埃を吹きながら捲ったそのページの挿絵に、律子の目は引き込まれた。白い星型の花に、その端々から、細くレースのような糸が、蜘蛛の巣の様に広がり伸びている。夜に咲き、朝には萎むという説明書きを読み、暗闇に可憐に浮かぶ、神秘的な白い花を思い描いた。こんな美しい花が、わたしには生えるのか。今、咲こうとしているのか。そう思うと、彼女は背中のそれが、何か大切で、特別な愛おしいものに感じられた。丁寧に育て上げたいとさえも思えた。

    律子の様子はその晩以降、次第に変化していった。
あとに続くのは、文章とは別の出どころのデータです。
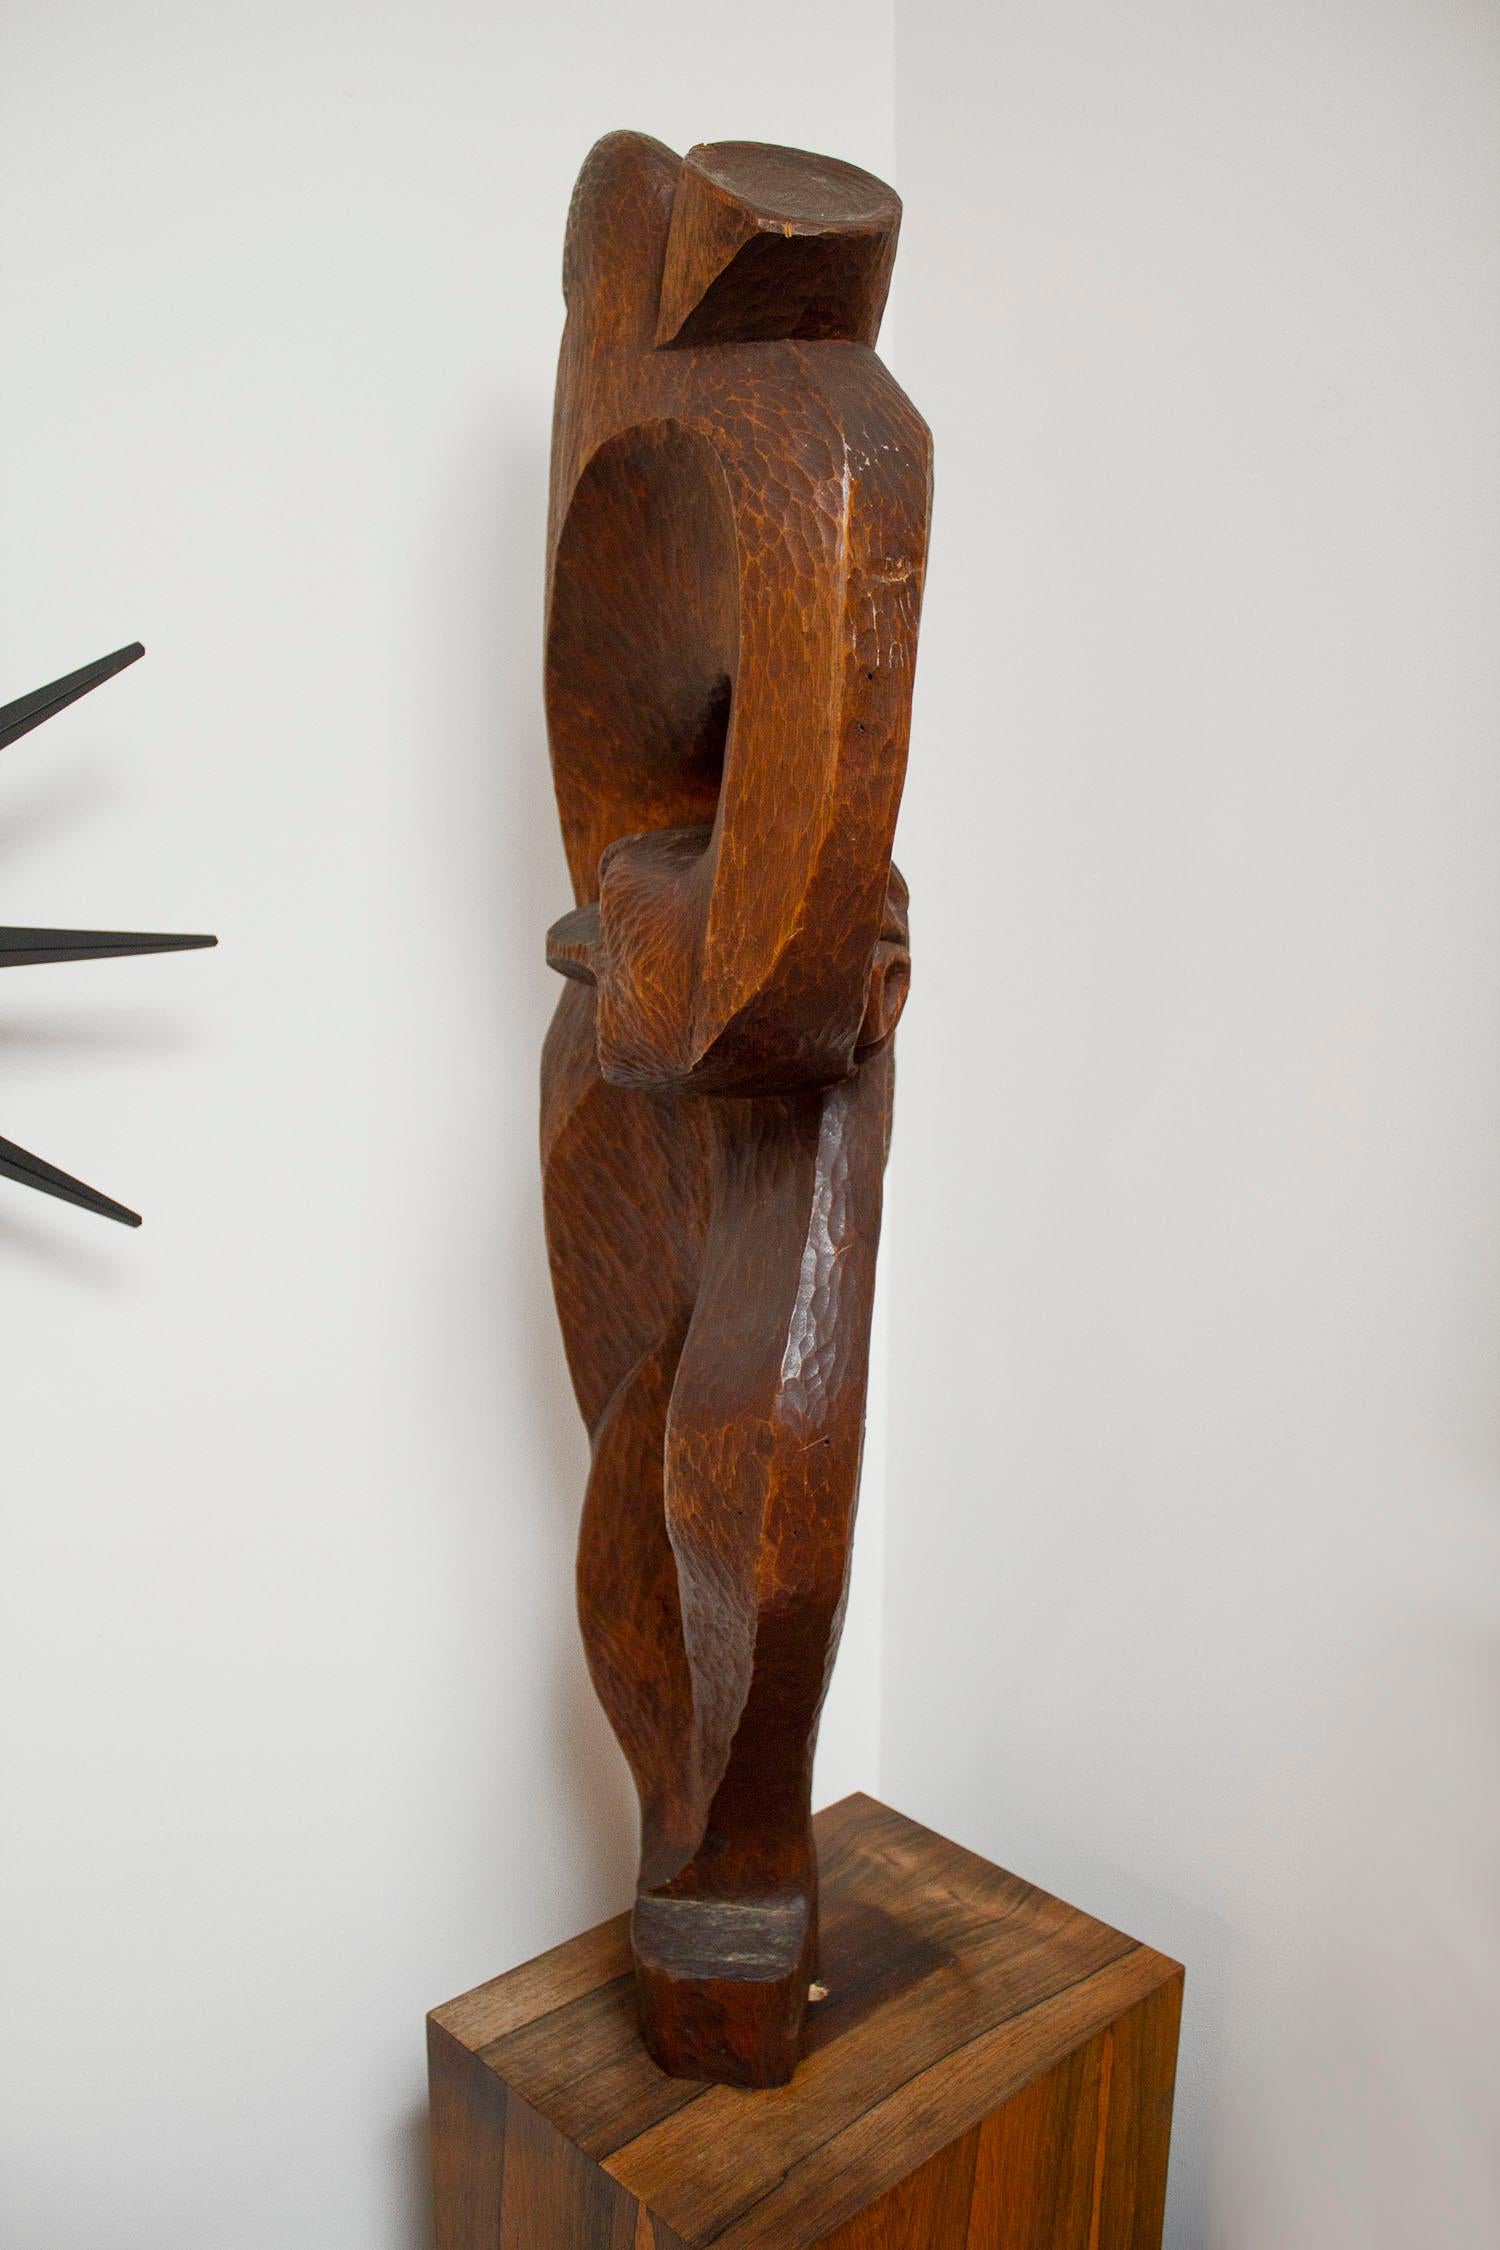 Figurative Mahogany Sculpture Mid-Century Modern 1950s Brazilian Abstract For Sale 2

今まで以上に身だしなみに気を付け、その容姿は品よく磨かれていった。美しい花を宿して、わたしは特別なのだと妙な自信を持つようになってから、異性との会話もだんだん嫌な気はしなくなって、愛想のよい受け答えが出来るようになった。それでも時々、憂鬱な気持ちに襲われることは続いたが、その憂いた様子が、かえって周りの異性を引き付けた。律子自身そういった魅力を纏うことを理解すると、無理をして隠すことなく、神経の弱りを周囲に告げ、周りから心配がられたりして、それが心地よくもあった。
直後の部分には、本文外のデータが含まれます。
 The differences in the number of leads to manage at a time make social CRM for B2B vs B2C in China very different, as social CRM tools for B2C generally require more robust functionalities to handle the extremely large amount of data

    律子の気持ちは徐々に明るくなった。周りに気を使いすぎることをやめ、或る程度開けて接してみると、こんなにも過ごしやすく、受け入れられることになるとは。彼女の気持ちは徐々に上向き、頭痛や体の重さも次第に感じなくなっていった。しかしその一方で、ある恐れが彼女の中に芽吹きだした。それは、易者に言われた、彼女に生えた花を枯らしてしまうことだった。彼女に宿ったのは鬱の花であった。美しいその花は、いつしか枯れて抜け落ちてしまう。その花が無くなれば、わたしの気持ちは上向いて、せっかく手に入れた魅力が無くなるのではないだろうか。わたしだけのあの花が、美しい花を持つことが、出来なくなってしまうのではないだろうか。彼女はそういった失う恐れを感じながら、毎晩鏡に自分の裸を映して、背中を覗いてみたりした。
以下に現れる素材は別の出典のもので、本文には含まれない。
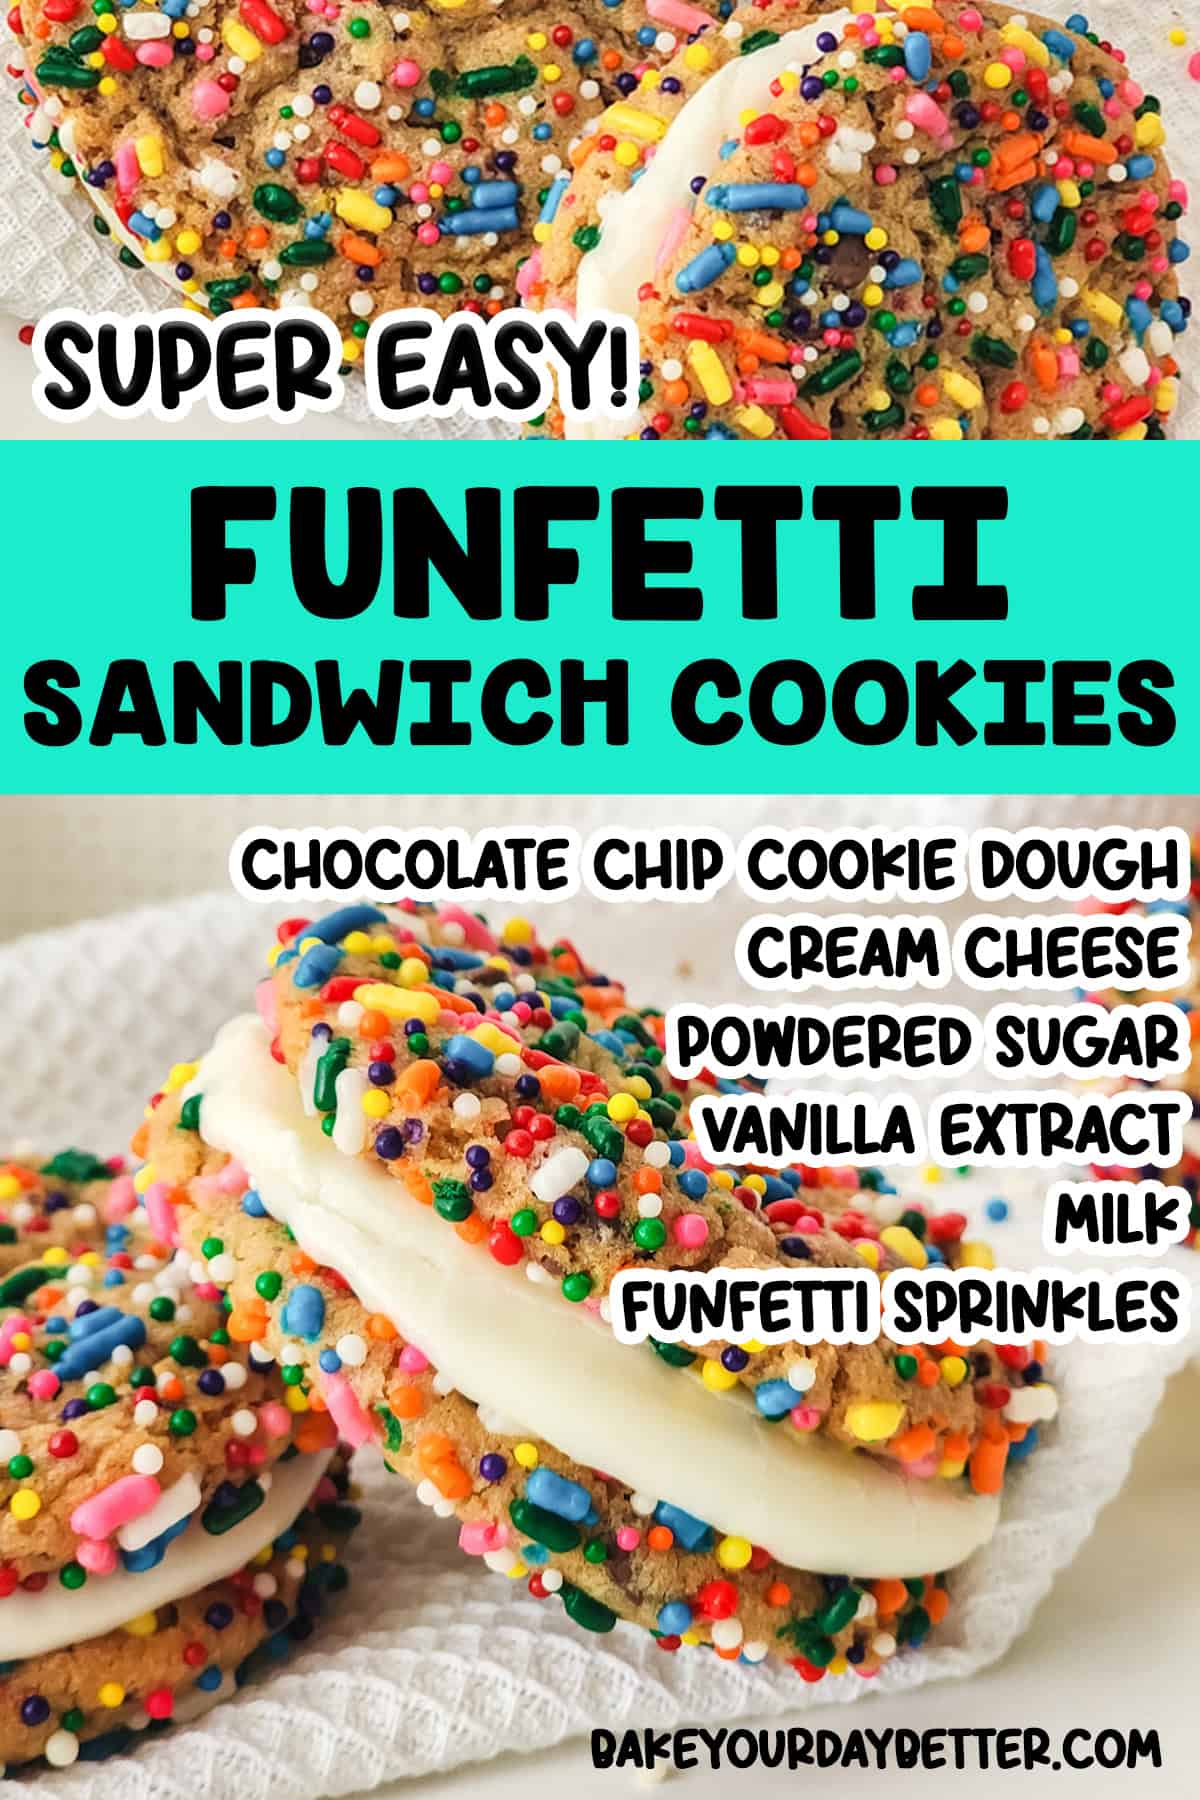 pictures of funfetti sandwich cookies with text overlay that says: super easy funfetti sandwich cookies and a list of ingredients

    律子の恐れは的中して、徐々に彼女の体や心持は回復していった。体は軽くなり、律子は快活に異性と会話ができる彼女自身を感じて戸惑った。花は果たして枯れてしまったのか。わたしの元から無くなってしまったのだろうか。失いたくない。もう一度確認したい。もう一度見てほしい。律子は、鬱の花を枯らしてしまったのではないか、そんな不安と焦りを感じた。もう一度あの易者に会いたい。もう一度宿していると告げてほしい。律子はそんな衝動に駆られて、それから毎晩易者と出会った夜半に、祇園の街を捜し歩いた。しかし幾ら歩けど、あの夜に浮かぶ提灯を見つけることは出来なかった。それでも律子は諦めきれなかった。あの花だけが、彼女たらしめる唯一のものだと信じた。蔓は伸びる。不安は募って咲き開く。律子はいつしか容姿も疎かになって、靴擦れも気にせず毎晩毎晩祇園の街を、亡者のように彷徨った。

    しかしそれから一度も、律子は易者と出会うことは無かった。ただ、夜な夜な不気味に体を引きずる律子の目には、血走った眼球には、いつか図鑑でみた、美しい鬱の花が、夜闇の中、ありありとそこに咲いていた。